The AEDP gave grant funding to two associations that focused on underrepresented groups, the SRG and the Alexandria Minority Business Association, but Gebremedhin said four out of the eight groups had applications that narrowly focused on promoting minority representation within their respective associations and within the city as a whole.
West End Business Association has majority minority membership and is led by a minority business owner, Gebremedhin said. The other business association that focuses on minority businesses in Alexandria is the Alexandria Chamber of Commerce. In their grant application, they noted that the grant funding would be used to help promote minority owned businesses in the city. They would use the funds to help minority business owners with leadership and development, as well as doing outreach.

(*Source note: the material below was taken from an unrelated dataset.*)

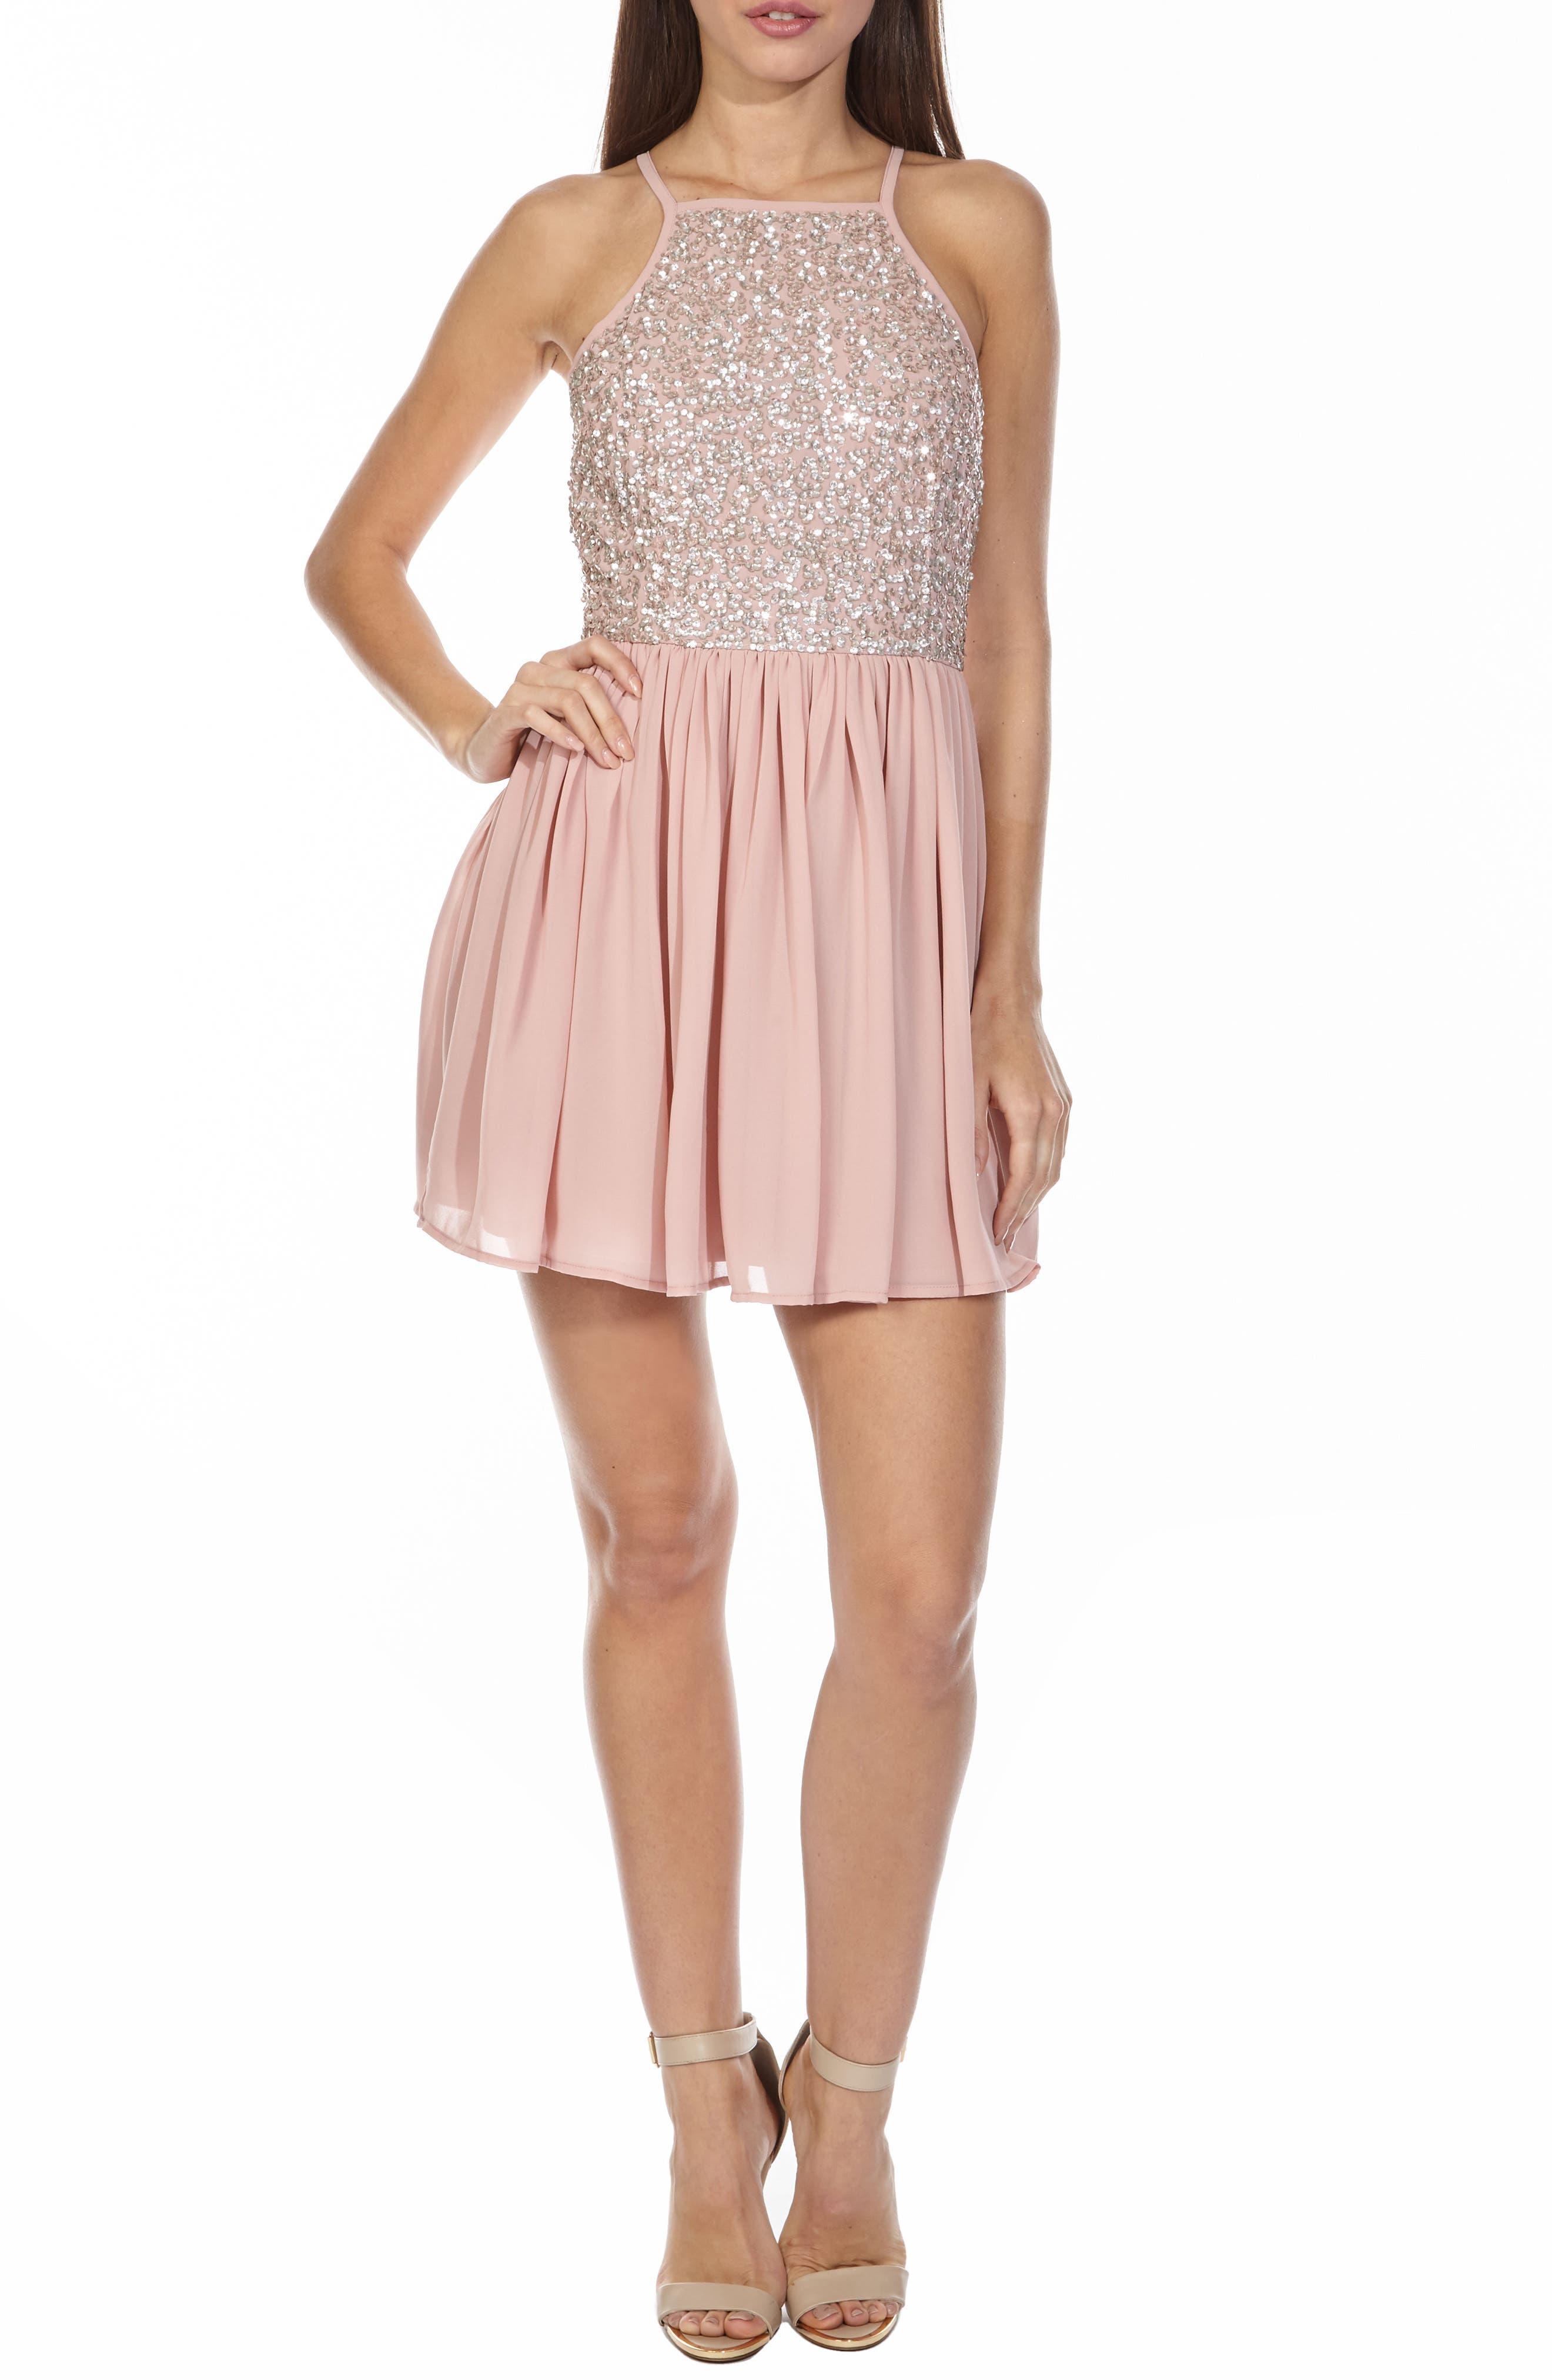 Lace & Beads Sprinkle Sequin Skater Dress

Pastor Lou Whiting is the president and one of five founders of the Social Responsibility Group, which received funding from the AEDP through the ALX B2B Business Association Grant Program.
“Our initiative that drove us to form the group was to be more socially responsible individuals in the City of Alexandria, looking at different social issues. Not just Black Lives Matter … [but also] housing and even a project we’re working on now with Douglass Memorial Cemetery … We want to span visibility, so that is why we organized this group,” Whiting said.
“AEDP’s grant funding was more for actually building capacity and sustainability for the group, which is sorely needed” Whiting added. “It’s hard to build an organization of all volunteers. We wanted it to be sustainable.”
Goals for the SRG include bringing a lot more attention to Black businesses in the city. In August 2023, the group plans on tying in with National Black Business Week to do a “Black Business Weekend” in Alexandria. This would be graduated to an entire week eventually, Whiting said. Grant money from the funding may go towards needed equipment for the group, renting a shared space for meetings and business and for one of their main goals which is to build an African American business directory.
“This would be an excellent tool for the City of Alexandria,” Whiting said about creating a directory. “We’re meeting now to pick out maybe three or four things with the grant funding that will help us push forward and accomplish our goals.”
To make sure the grant funding is successful for every business association that received it, the AEDP is working with each association individually.
Gebremedhin said there are “many layers” of how the AEDP is keeping contact with the grantees. There is a monthly call with all the business associations, those that received the grants and also business associations in the city that did not apply for the grants. This monthly call is not new, but rather something the AEDP will continue even after the funding period. This call, said Gebremedhin, is put in place to establish networks for all of the business associations in the city.
There will also be a monthly and quarterly report to the AEDP that is required by the eight associations who did receive funding. Lastly, the AEDP offers technical assistance to all of the recipients which helps them keep in contact regularly. Even without funding, the AEDP will act as a resource for these organizations long-term.
“One of the reasons why we’re tracking everybody’s activity and how they’re using the funding is we’ve built in, within this funding, that it would be sustainable beyond the funding period. Our work, within the associations, even if we do not fund them, will continue … their monthly calls will continue, our engagement with them will continue because we believe in the value of the associations for the city and the work that AEDP does within the city,” Gebremedhin said.